1. **Cluster and networking**: Kubernetes, containerd, Calico (or conformant CNI), ingress controller (Contour/Envoy), load balancer (MetalLB or cloud LB), DNS recursive resolvers, NTP
2. **Foundation services** (in order): ESO (optional) → cert-manager → PostgreSQL → Vault → Temporal
3. **NICo Core** (forge-system): carbide-api and supporting services (DHCP/PXE/DNS as required)

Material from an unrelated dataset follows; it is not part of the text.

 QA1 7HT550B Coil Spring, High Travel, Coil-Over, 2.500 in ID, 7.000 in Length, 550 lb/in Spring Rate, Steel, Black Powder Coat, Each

4. **NICo REST components**: Deploy cloud-api, cloud-workflow (cloud-worker & site-worker), and cloud-cert-manager (credsmgr). Seed DB and register Temporal namespaces (`cloud`, `site`, then site UUID). Create OTP and bootstrap secrets for elektra-site-agent; roll restart it.
5. **Monitoring** (optional): Prometheus operator, Grafana, Loki, OTel, node exporter

To use the automated deployment path, refer to the [Quick Start Guide](/infra-controller/documentation/getting-started/quick-start-guide).